Update from Kara on EPR asthma cohort data, 01.16.20:
N= 4129 total, all with SNP data
N= 2709 with HE_COMPLETION_DATE Of those 2709, 4 participants have HE_COMPLETION_DATE in 2014, and 5 have HE_COMPLETION_DATE in 2018, remainder are all 2012 and 2013
N = 2637 with HE_COMPLETION_DATE and D28_Asthma = 0,1 Of those 2637, 1 participant has HE_COMPLETION_DATE in 2014, remainder are all 2012 and 2013 If 5% overlap with UNC ICEES asthma, then N = 132 If 37% overlap with UNC ICEES asthma, then N = 975
Of those 2637, 928 have HE_COMPLETION_DATE and D28_Asthma = 1 If 5% overlap with UNC ICEES asthma, then N = 46 If 37% overlap with UNC ICEES asthma, then N = 343
N = 2593 with D28_Asthma = 0,1 and TLR4_DIST_1X
Additional update from Kara, 01.16.20:
Hao has lat/longs and addresses for all 2709 participants with HE_COMPLETION_Date, so we can integrate the exposures data for the 2705 participants with HE_COMPLETION_DATE in 2012 or 2013, excluding the 4 participants with HE_COMPLETION_DATE in 2014.

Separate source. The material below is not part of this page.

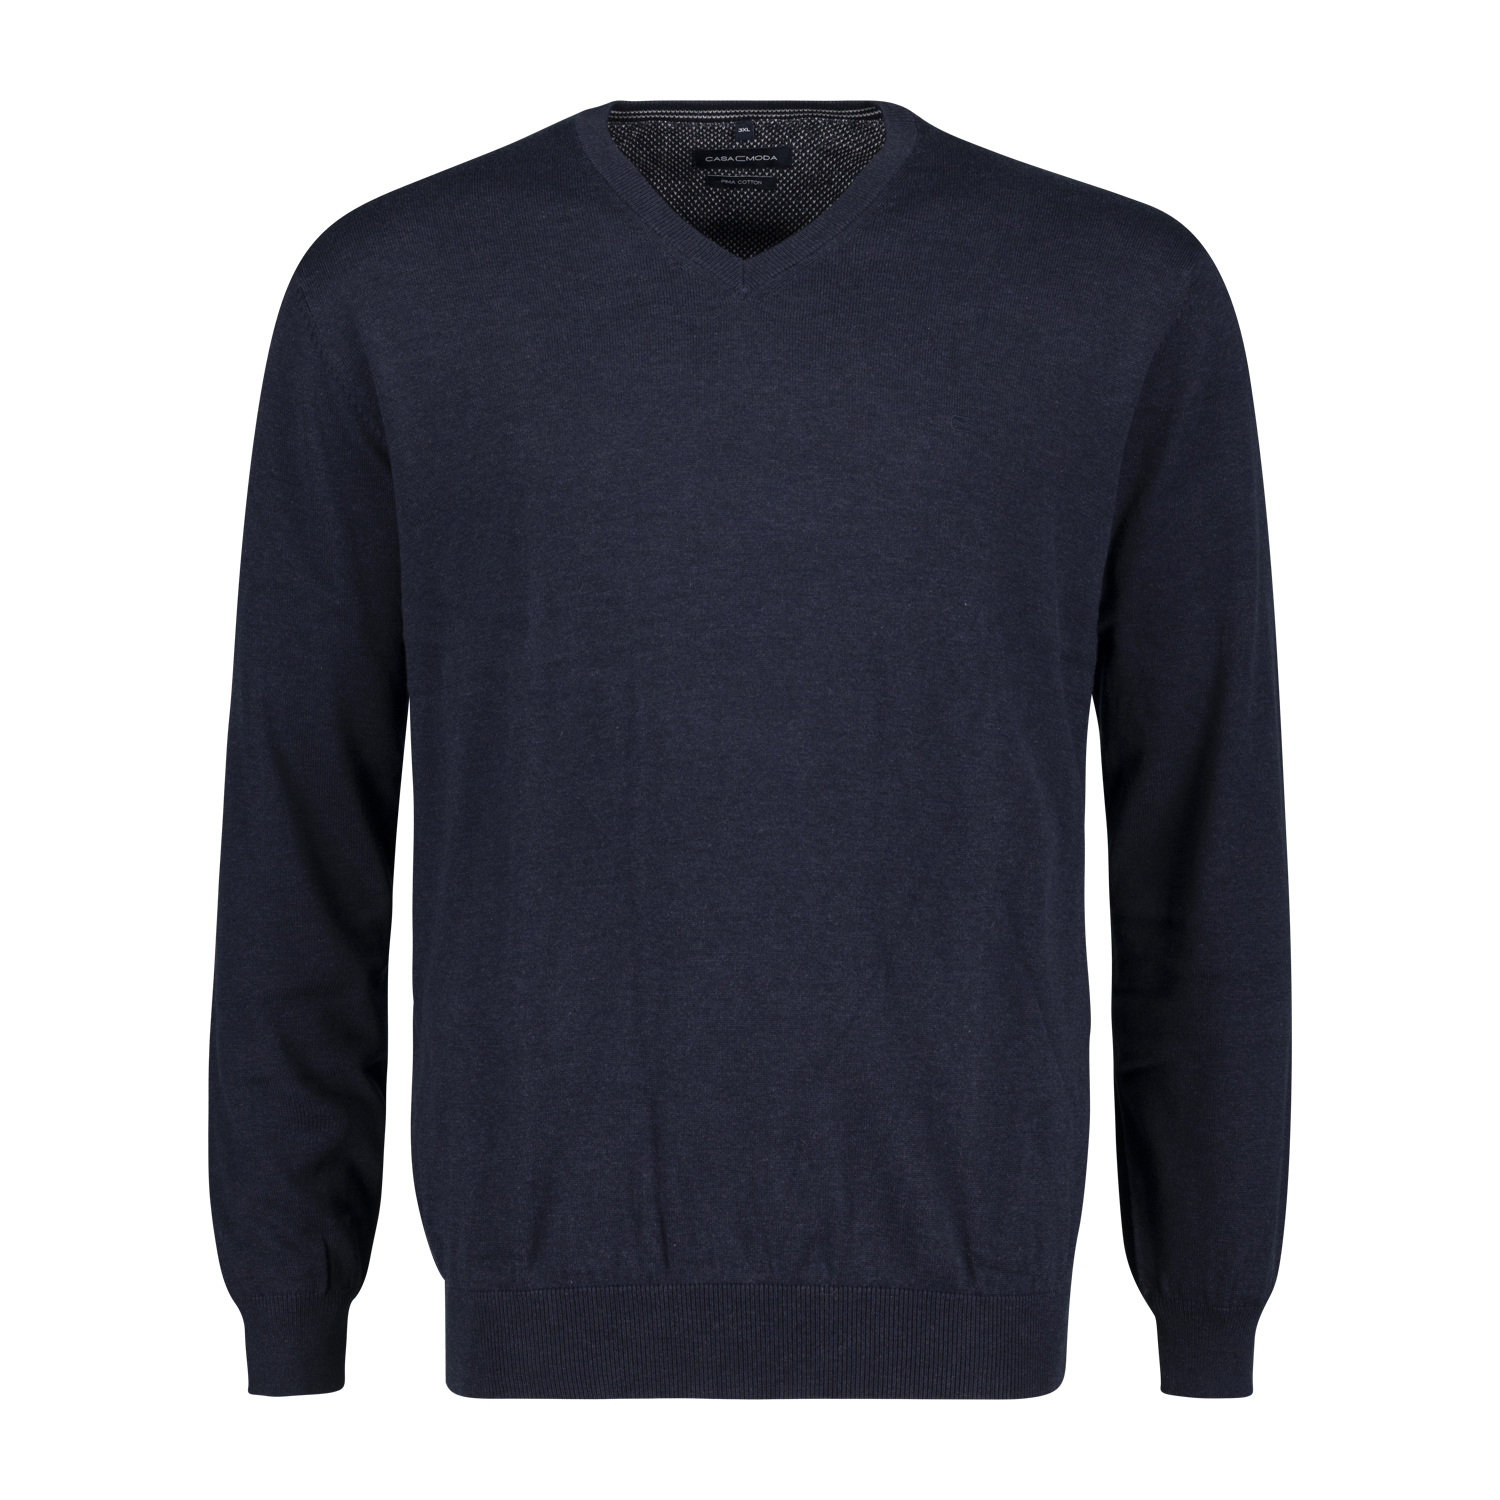 Knitted sweater for men in dark blue by Casamoda in plus sizes up to 6 XL

We will use use the calendar year prior to HE_COMPLETION_DATE to determine airborne pollutant exposure estimates, using the same calculations for AVG and MAX exposure that we currently use for the ICEES integrated feature tables, but expanding from PM2.5 and ozone to include the eight additional airborne pollutant exposure estimates that we now have.
In other words, we'll calculate one-year exposures over the year prior to survey completion. So, if someone completed the survey on 7/1/2012, then we'll calculate exposures from 7/1/2011 - 7/1/2012 (or 7/2/2011 - 7/1/2012).
For the ACS data, we will use the 2012-2016 estimates.
For the roadway data, we do not really have a choice, as we only have 2016 data.
WRT to column headers for the EPR data, we'll create two sets: one for the UNC data and one for the EPR data.
We'll integrate the UNC and EPR data over all available years to date, i.e., 2010-2016.
In addition to the above plans for integration of UNC and NIEHS EPR asthma cohort data, we will stand up a private ICEES API at NIEHS.
@charles.schmitt@nih.gov : Please let @xuhao@renci.org and me know how we can move this effort forward as quickly as possible. Thanks!
Clarification to comment from @xu-hao on November 28, 2019:
Original comment
Latest cross walk data for EPR data results in
213 matches with 2012 fhir data and
42 matches with icees table.
The difference between these two data sets include:
rows with no lat, lon
rows with age >= 90
which are excluded from icees table
Correction
The matches noted above represent a two-way join between the original cross-walk for UNC-EPR data (i.e., just the hash match) and both the UNC FHIR files for asthma cohort and the final ICEES integrated feature tables for asthma cohort, which are derived from the FHIR files. The hash codes for the original cross-walk between UNCHCS and NIEHS EPR did not align; i.e., the UNCHCS hash codes differed in format from the NIEHS EPR hash codes.
This issue involves a new collaboration with Charles Schmitt and Shepherd Schurman of NIEHS to Investigate the use of the Translator/Reasoner architecture in the context of NIEHS clinical data sources (i.e., EPR, CRU), knowledge sources (i.e., Tox21, DrugMatrix), and new toxicology use cases.